We established the IRA's probably 12-14 years ago, and over a period about 6 or 7 years we made our $2K contributions 5 times. A couple of those times they were deductable contributions, but a couple of times they weren't.
When I calculate my 1998 taxes, would I have to include THE WHOLE conversion (actually 25% of it for this tax year) as income, or is there some formula I would use to determine the portion that was deductable, and only claim that piece of it?
I've downloaded Pub #590 from the IRS website, but it's "For use in preparing 1997 Returns", so it doesn't mention anything about a Roth.>>

By the time you have to prepare your return, the IRS will undoubtedly have a revised Form 8606 to use for computing the taxable part of a traditional IRA conversion to a Roth IRA and to show you will use a four-year spread of the taxable conversion.

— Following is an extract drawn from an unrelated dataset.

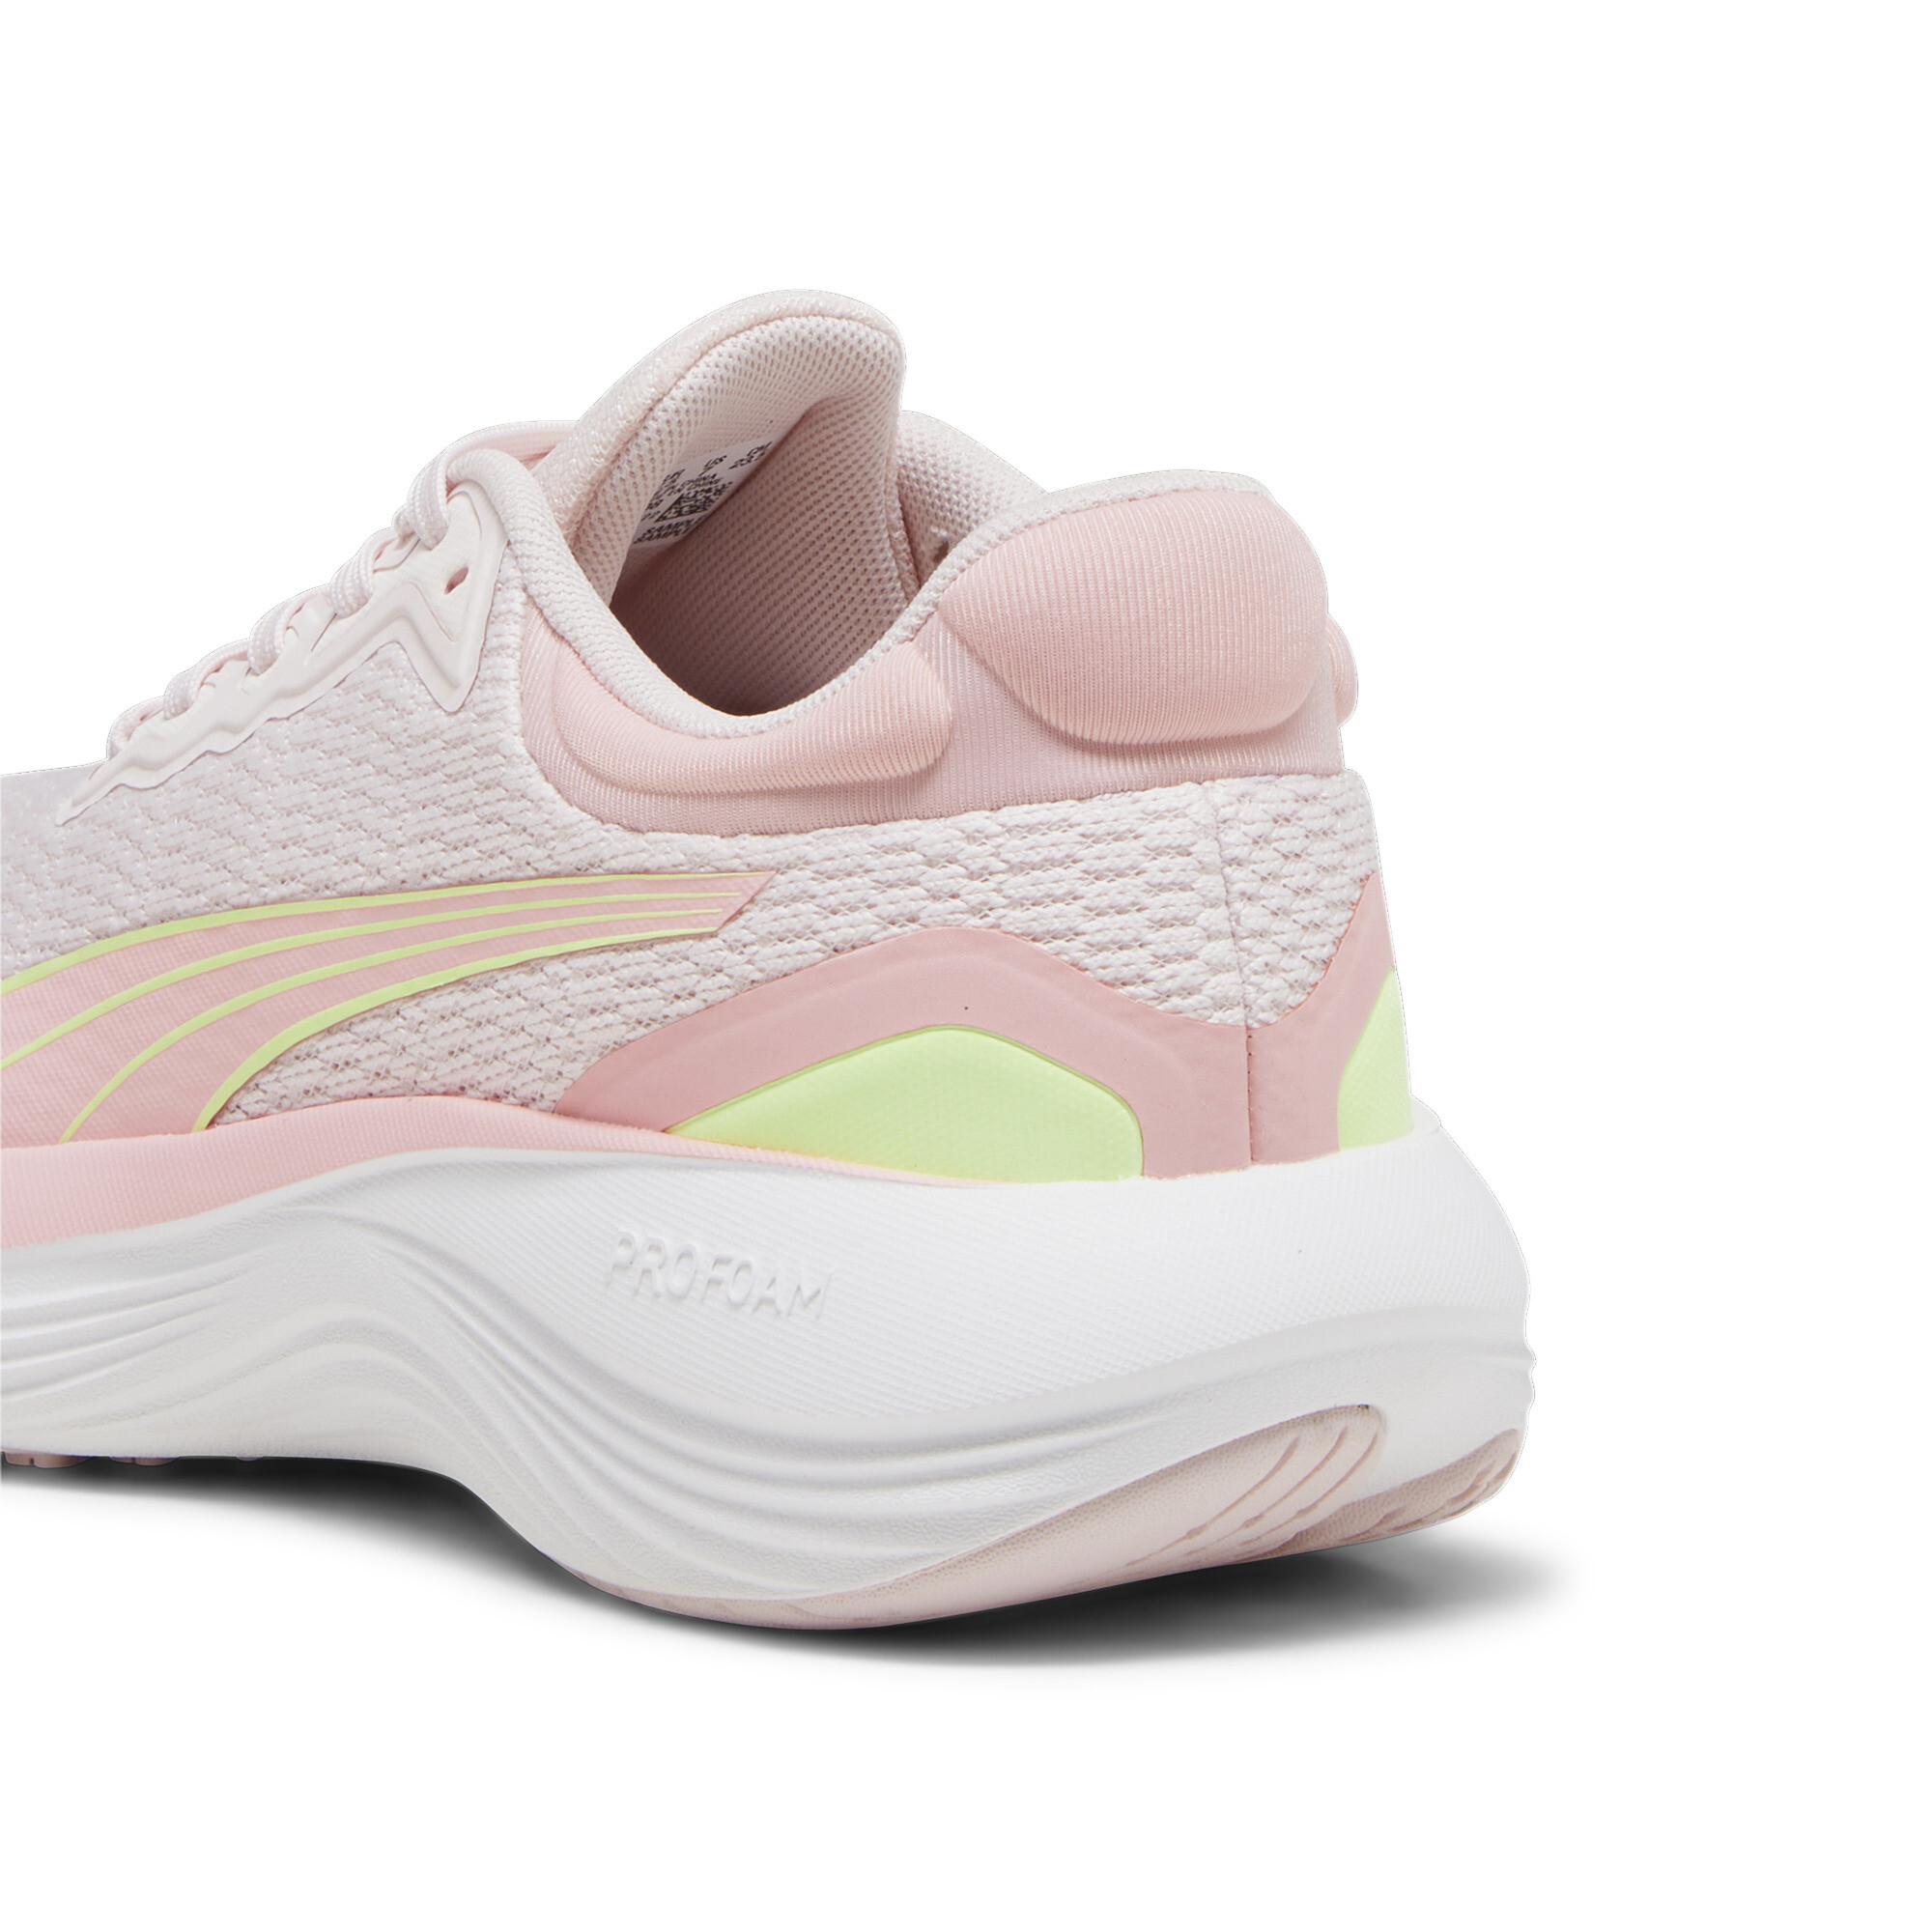 Men's PUMA Scend Pro Running Shoes In Pink, Size EU 41

The mechanics aside, here's how it will work.

Your old IRA will issue a 1099R showing a distribution as a result of the conversion. The distribution will be reported at market value on the date the money was transferred. From that total you will subtract all nondeductible contributions you made to that IRA. The balance becomes the income that must be reported on your tax return. Divide that number by four, and that's what you report each year for tax-years 1998 though 2001.

I hope you kept a copy of the Form 8606 you were required to file in the years you made those nondeductible contributions. They are the proof you made after-tax contributions to an IRA. Without them, you may have a difficult time proving you made them and could end up paying tax on those deposits again.